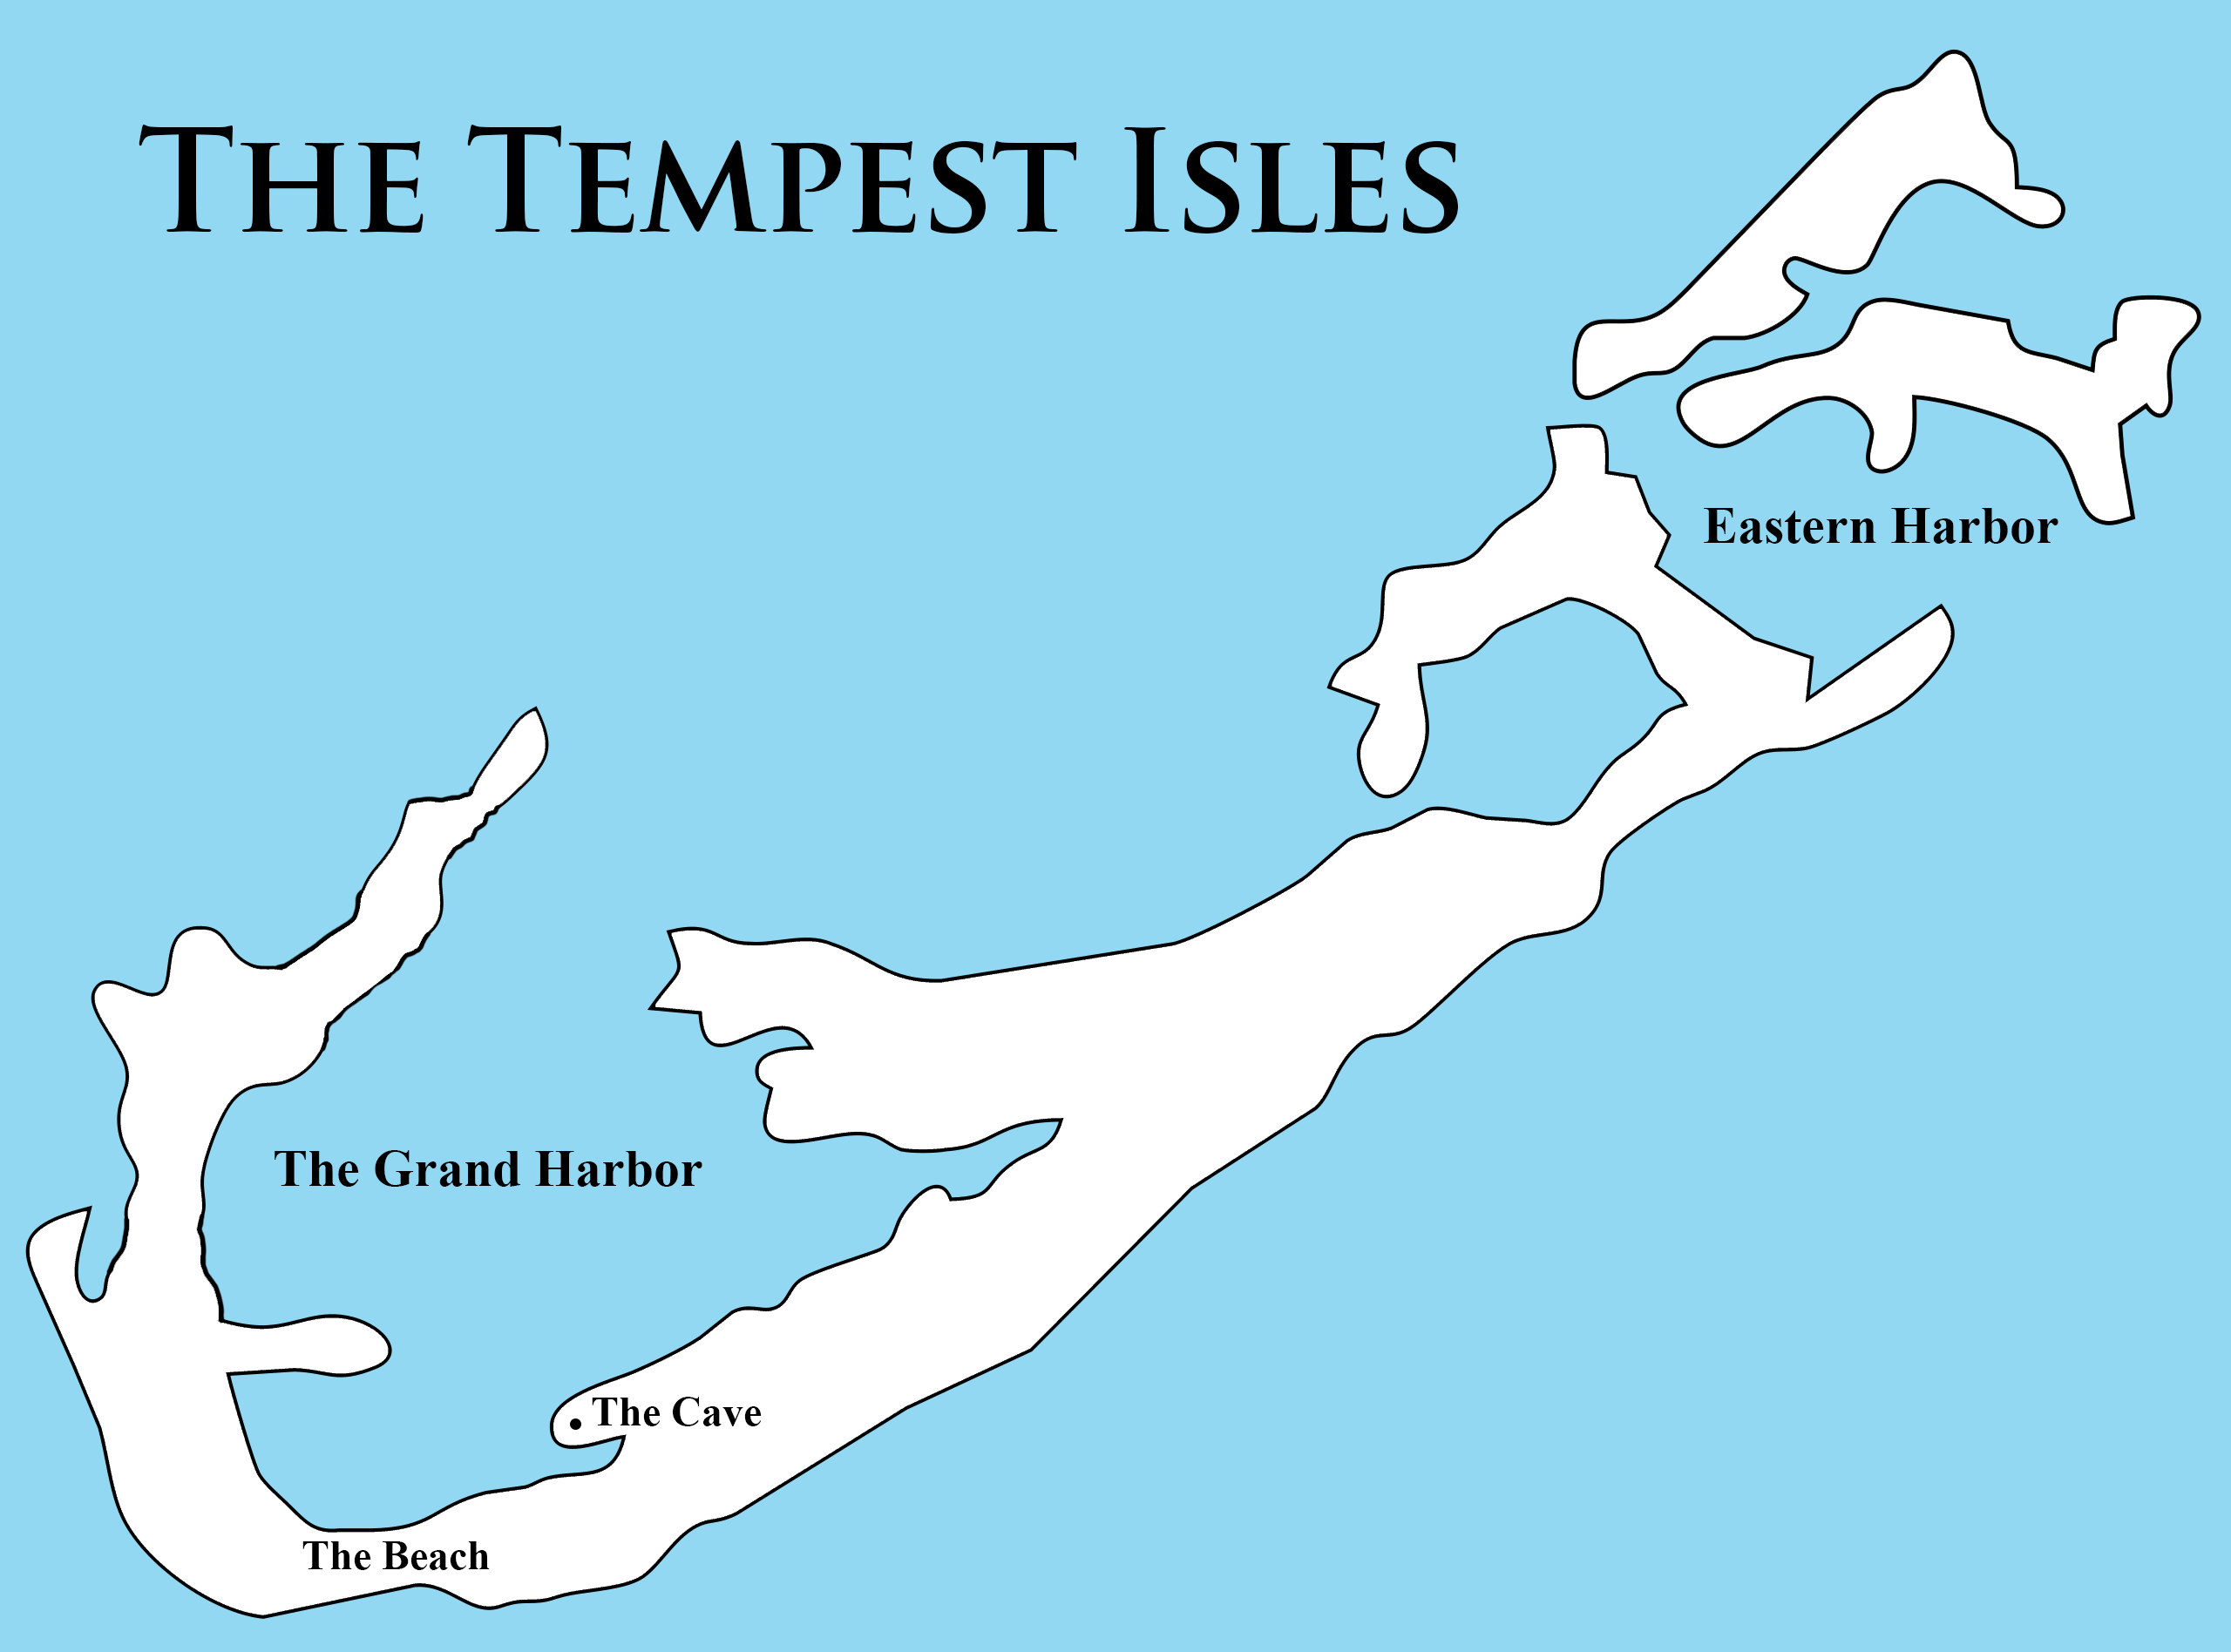 The Tempest Isles
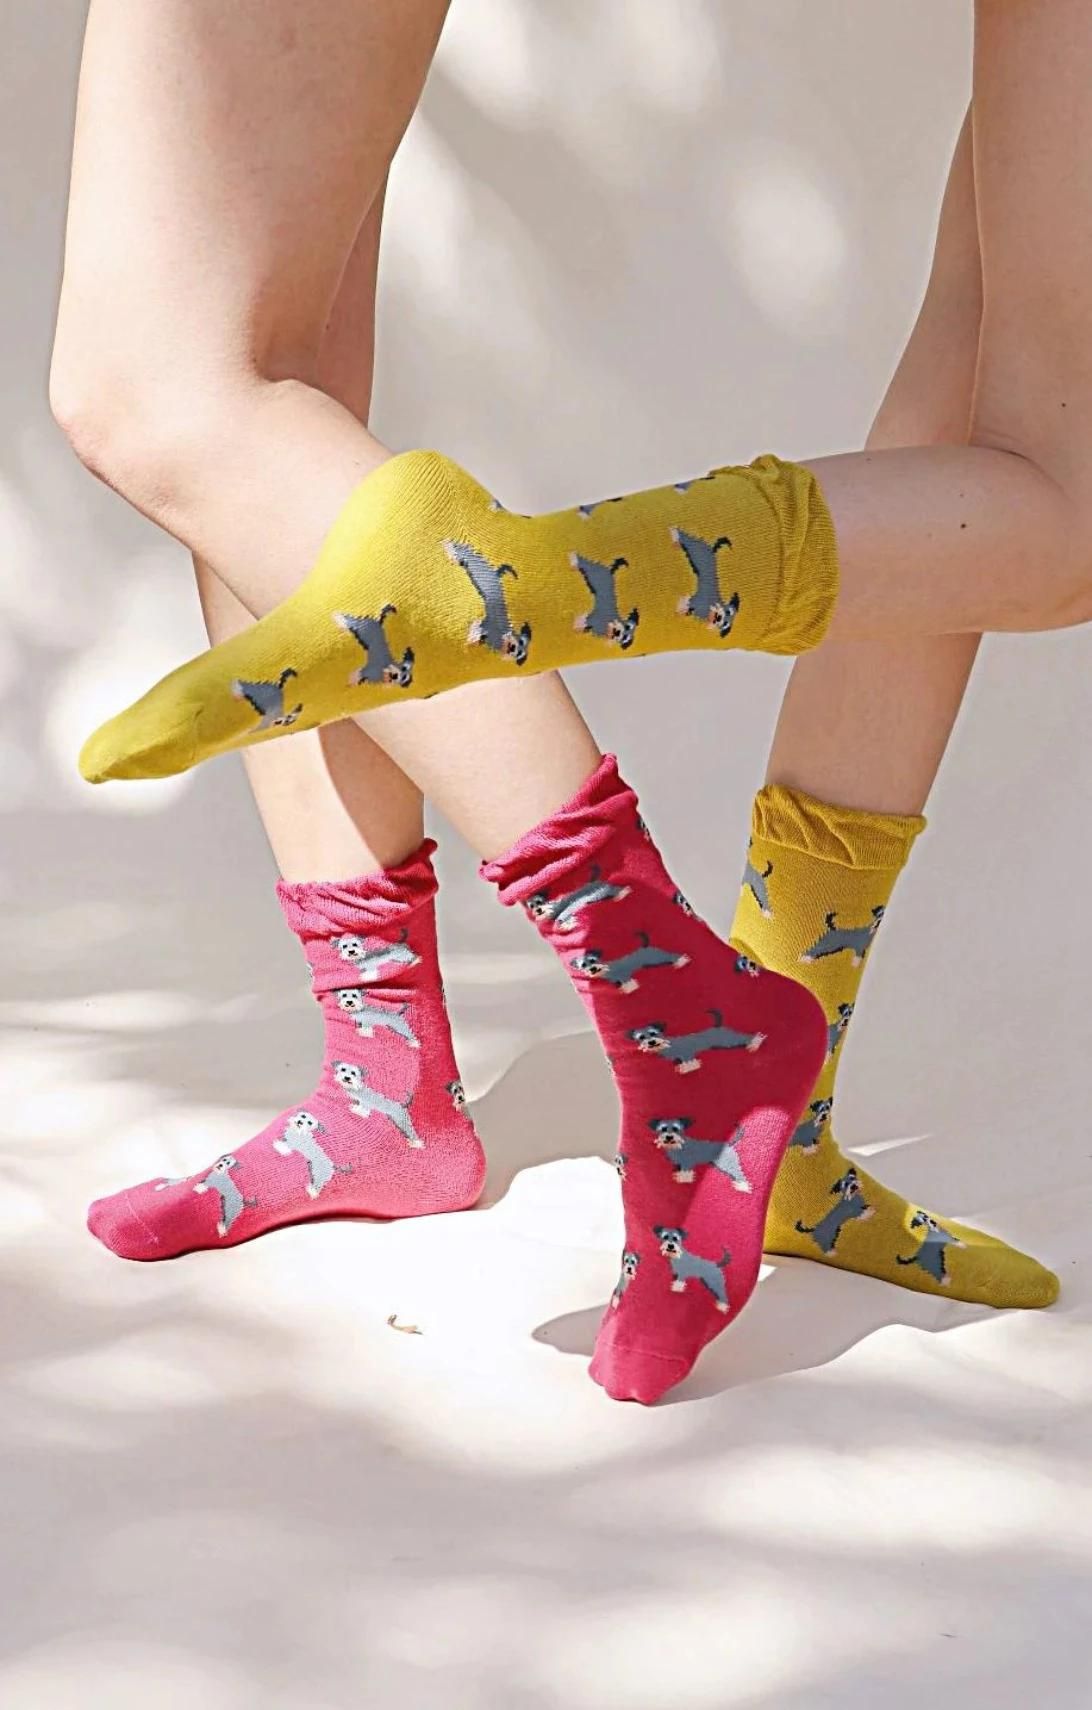 Female leg wearing TABBISOCKS brand Animal Rescue Pairs Schnauzer Socks in CERISE PINK and BITTER YELLOW colors, respectively
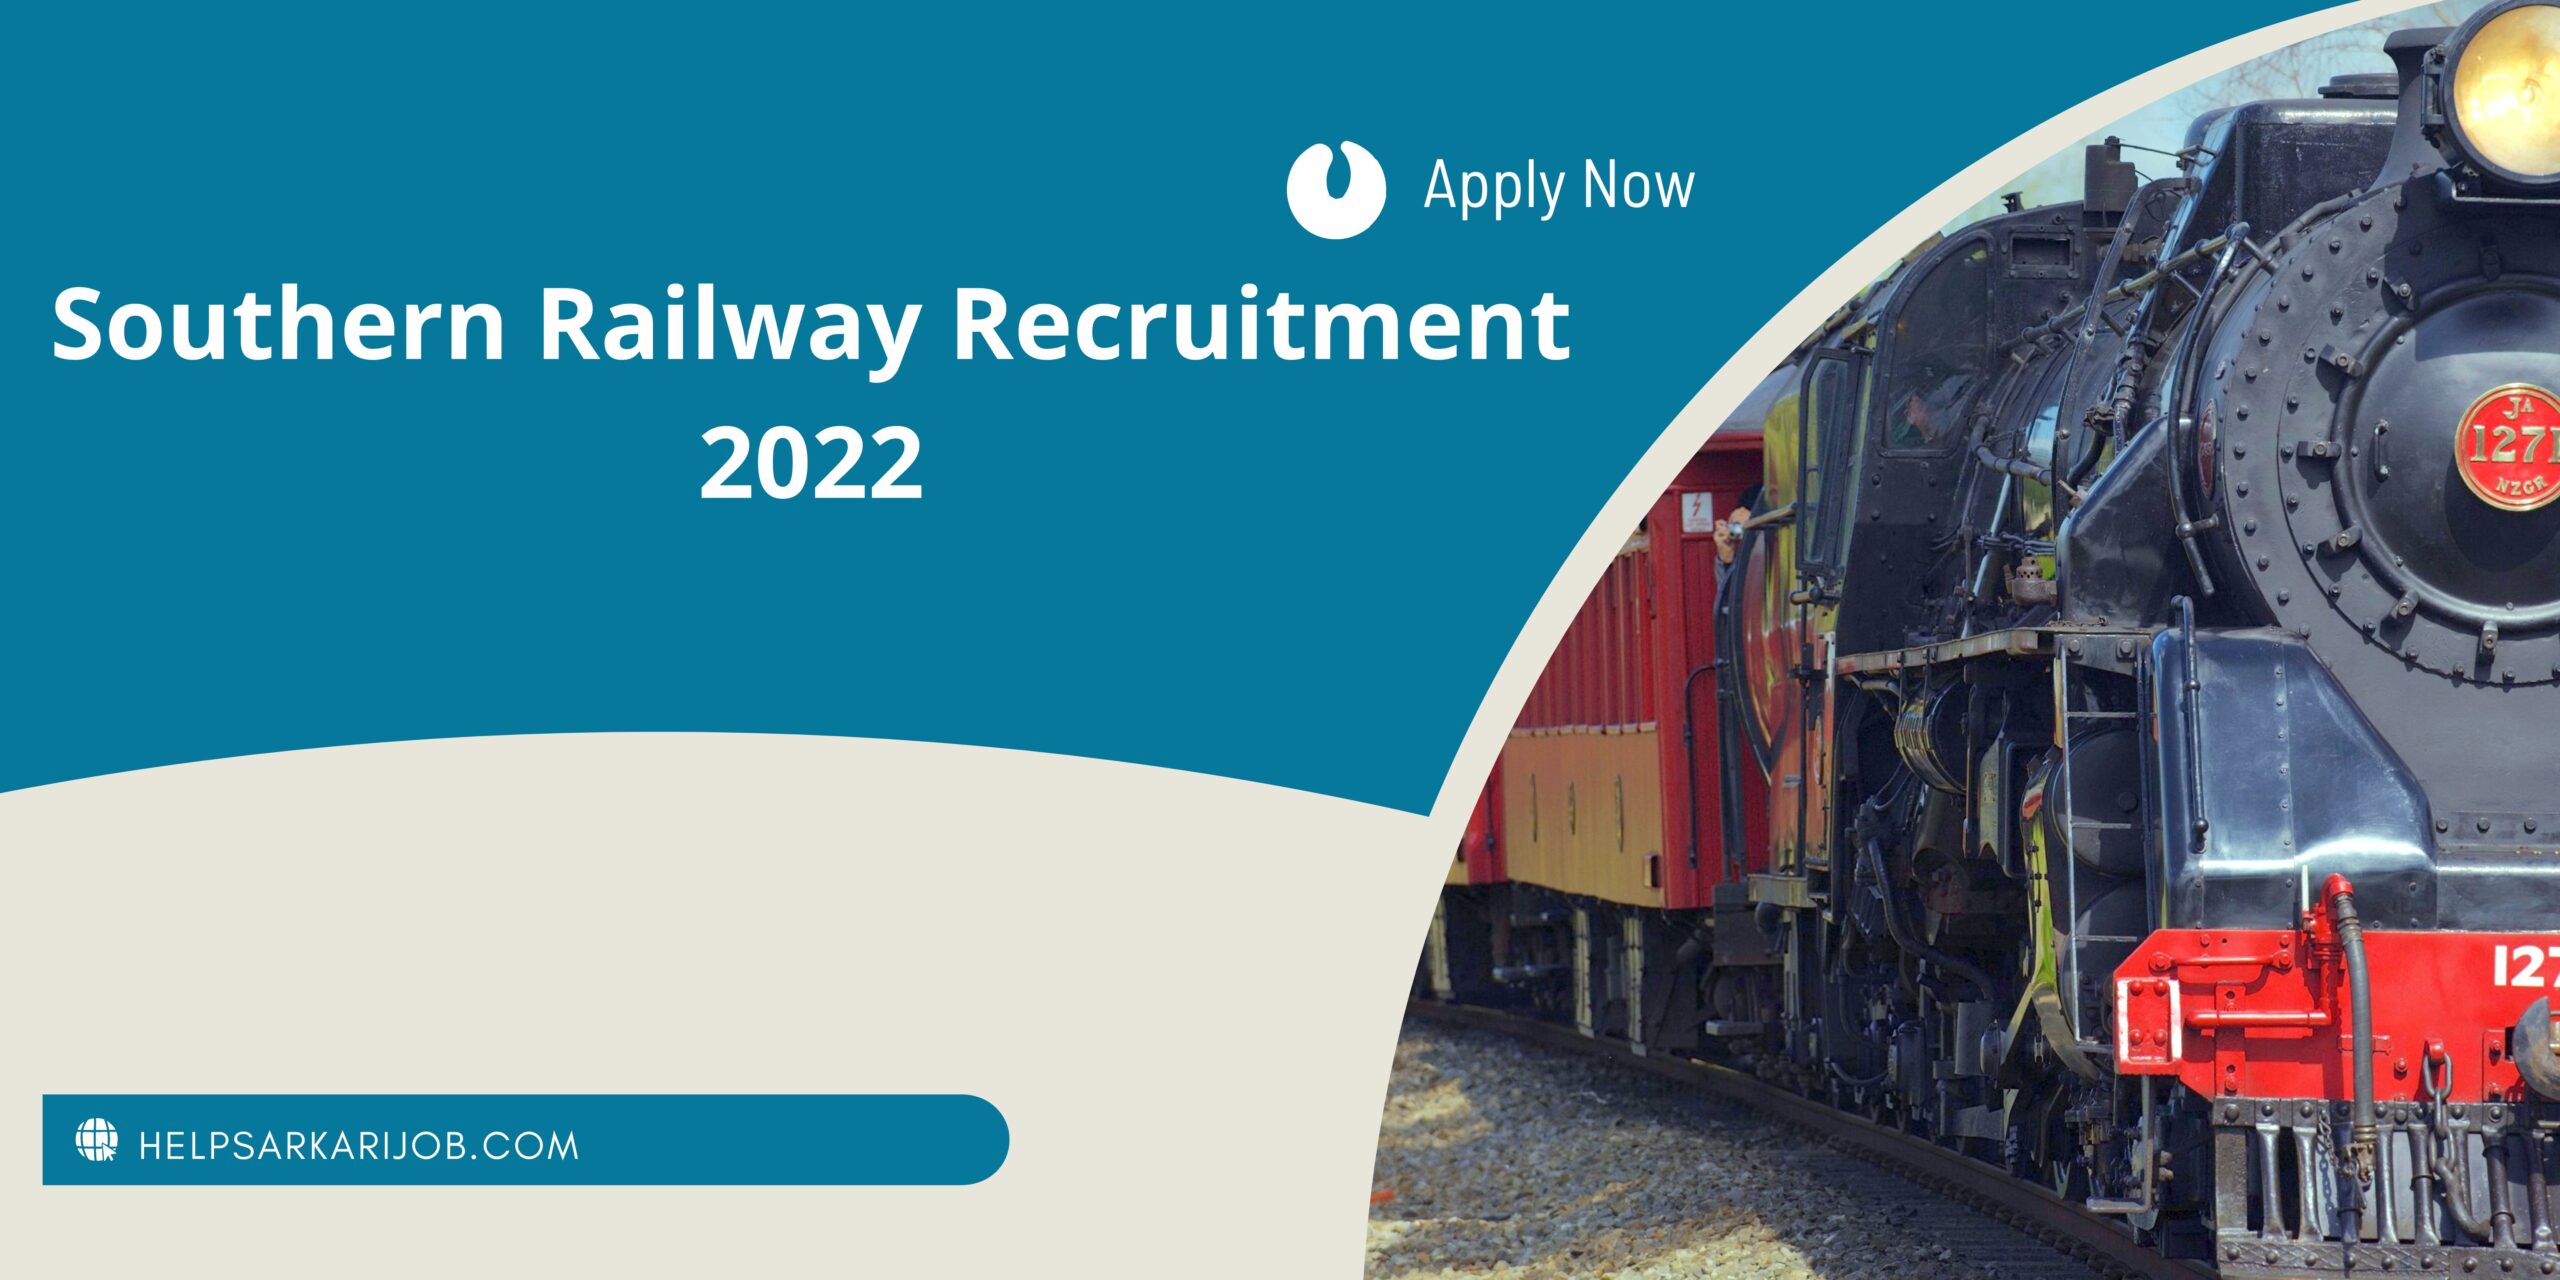 Southern Railway Recruitment 2022 scaled -

#### [What to do]
Dropping every picture, restate the material word for word.

#### [Result of the task]
 The Tempest Isles
 Female leg wearing TABBISOCKS brand Animal Rescue Pairs Schnauzer Socks in CERISE PINK and BITTER YELLOW colors, respectively
 Southern Railway Recruitment 2022 scaled -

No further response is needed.